■ Data listing ■
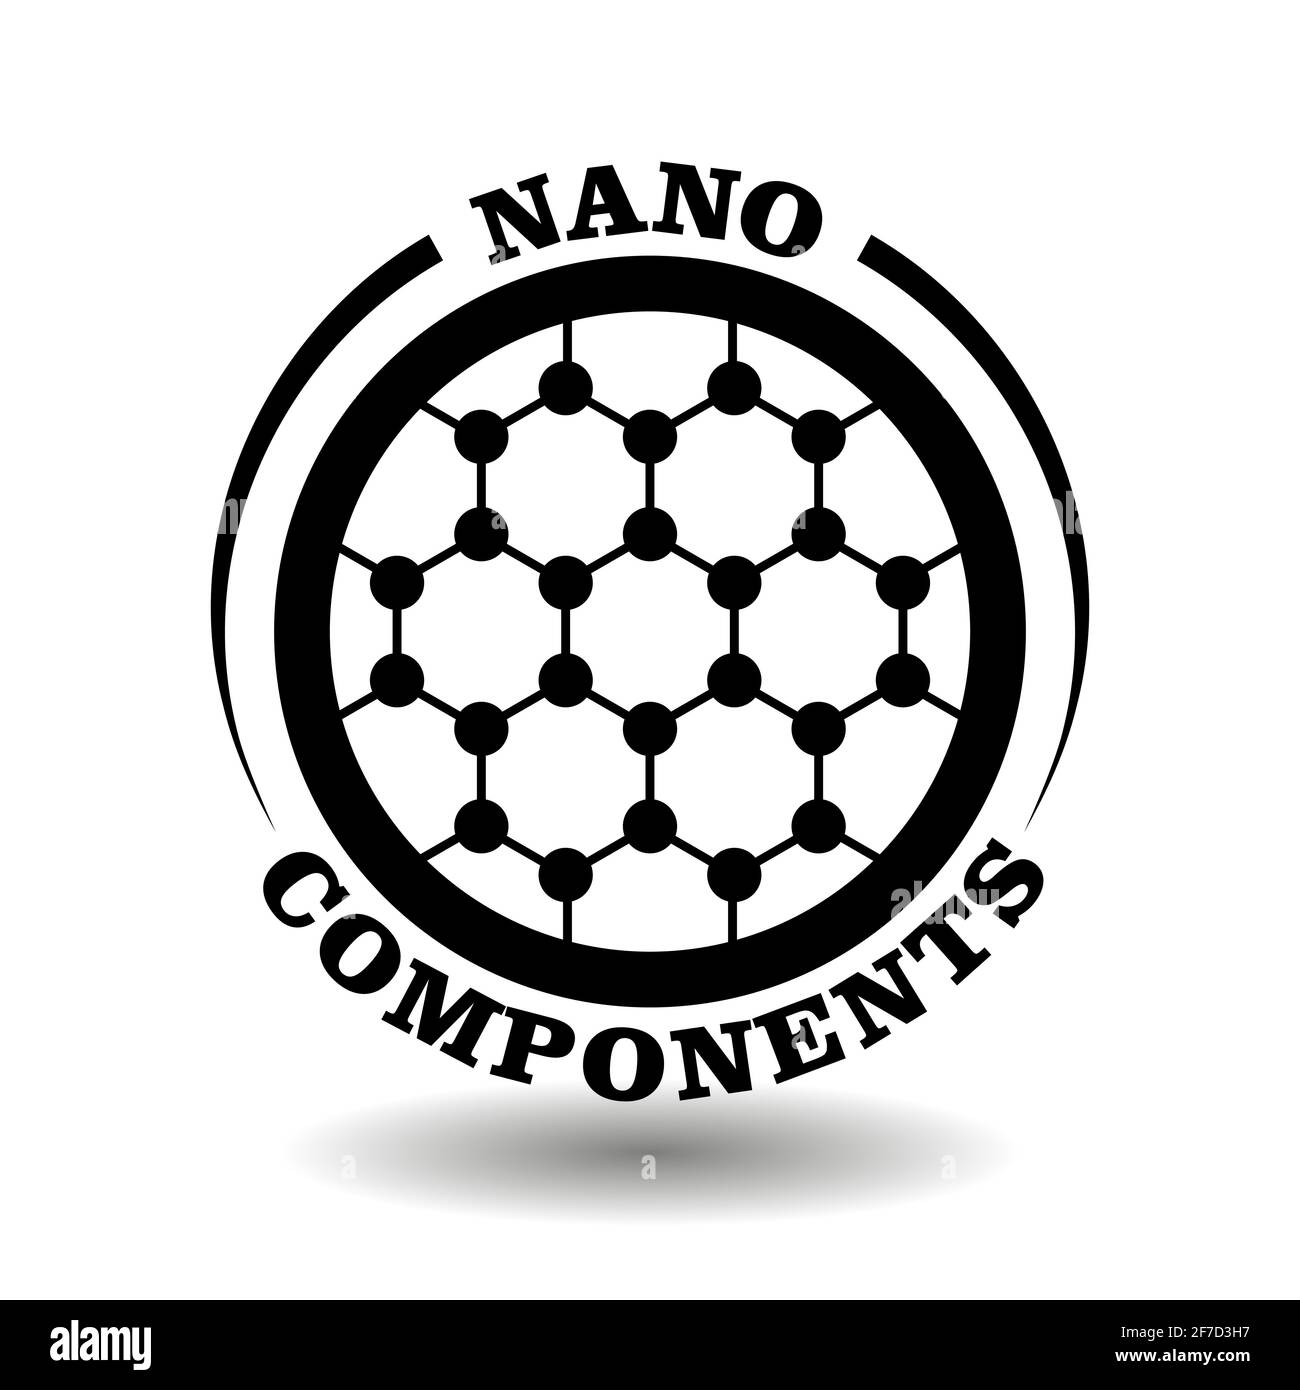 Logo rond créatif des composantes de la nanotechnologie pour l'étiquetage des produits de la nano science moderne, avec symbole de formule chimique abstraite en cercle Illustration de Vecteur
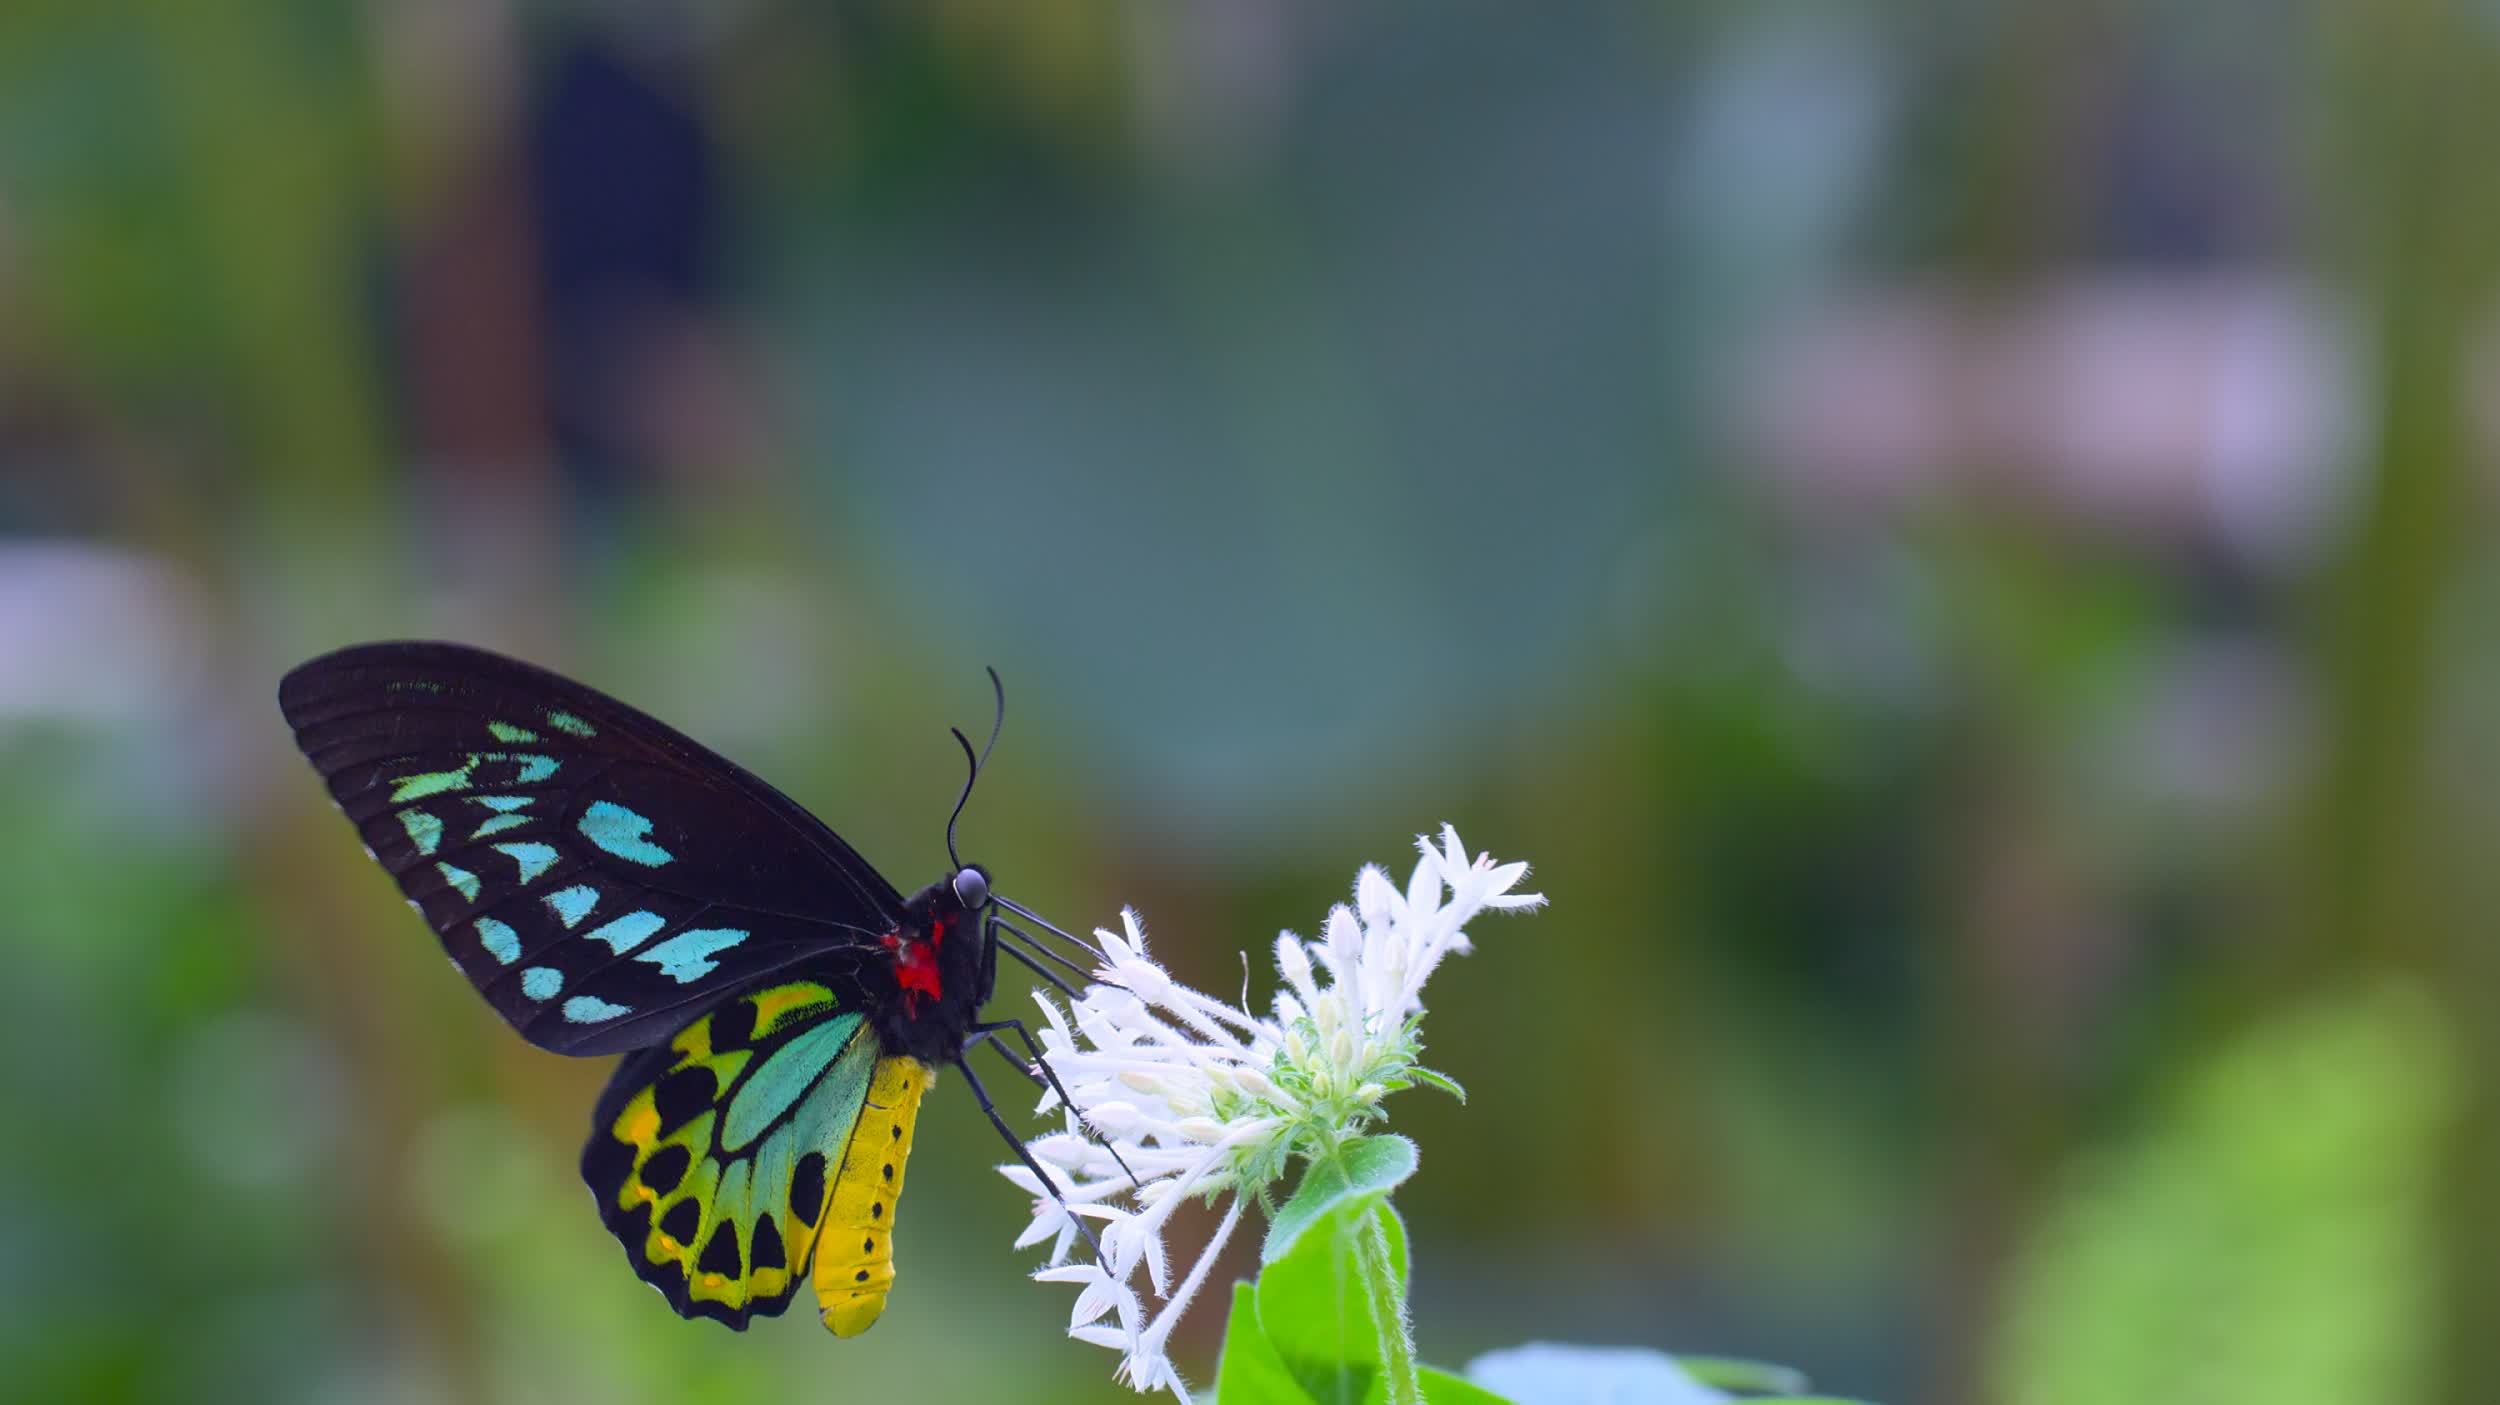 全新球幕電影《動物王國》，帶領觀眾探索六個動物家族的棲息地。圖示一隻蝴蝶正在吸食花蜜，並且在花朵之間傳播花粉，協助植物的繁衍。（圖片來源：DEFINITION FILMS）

==

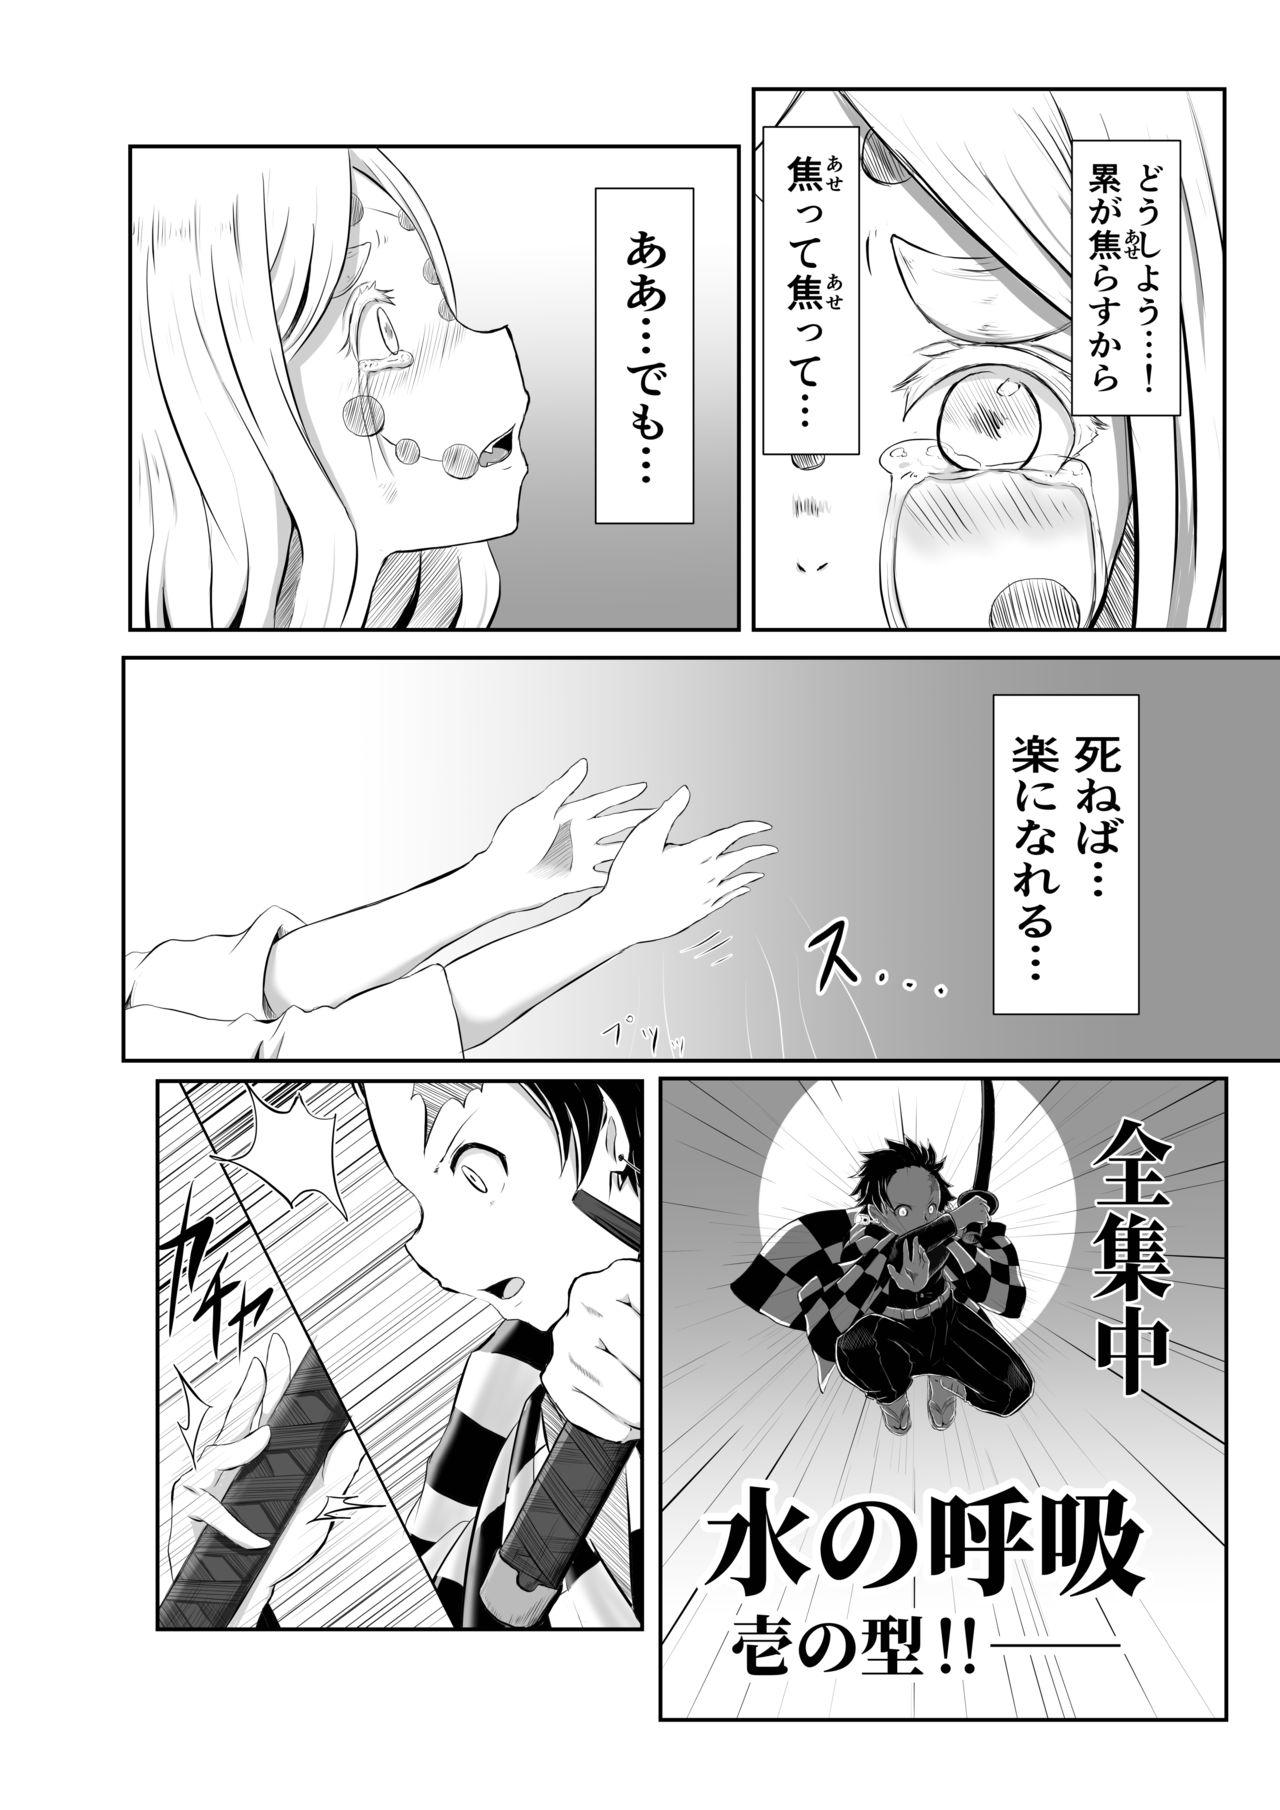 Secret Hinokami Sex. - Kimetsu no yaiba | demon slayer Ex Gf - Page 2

■ What the task requires ■
Only the lines above from the one with "Logo rond créatif" to the one with "全新球幕電影《動物王國》，帶" should be printed, both included and exactly as written; no picture belongs in the copy.

■ Finished exercise ■
 Logo rond créatif des composantes de la nanotechnologie pour l'étiquetage des produits de la nano science moderne, avec symbole de formule chimique abstraite en cercle Illustration de Vecteur
 全新球幕電影《動物王國》，帶領觀眾探索六個動物家族的棲息地。圖示一隻蝴蝶正在吸食花蜜，並且在花朵之間傳播花粉，協助植物的繁衍。（圖片來源：DEFINITION FILMS）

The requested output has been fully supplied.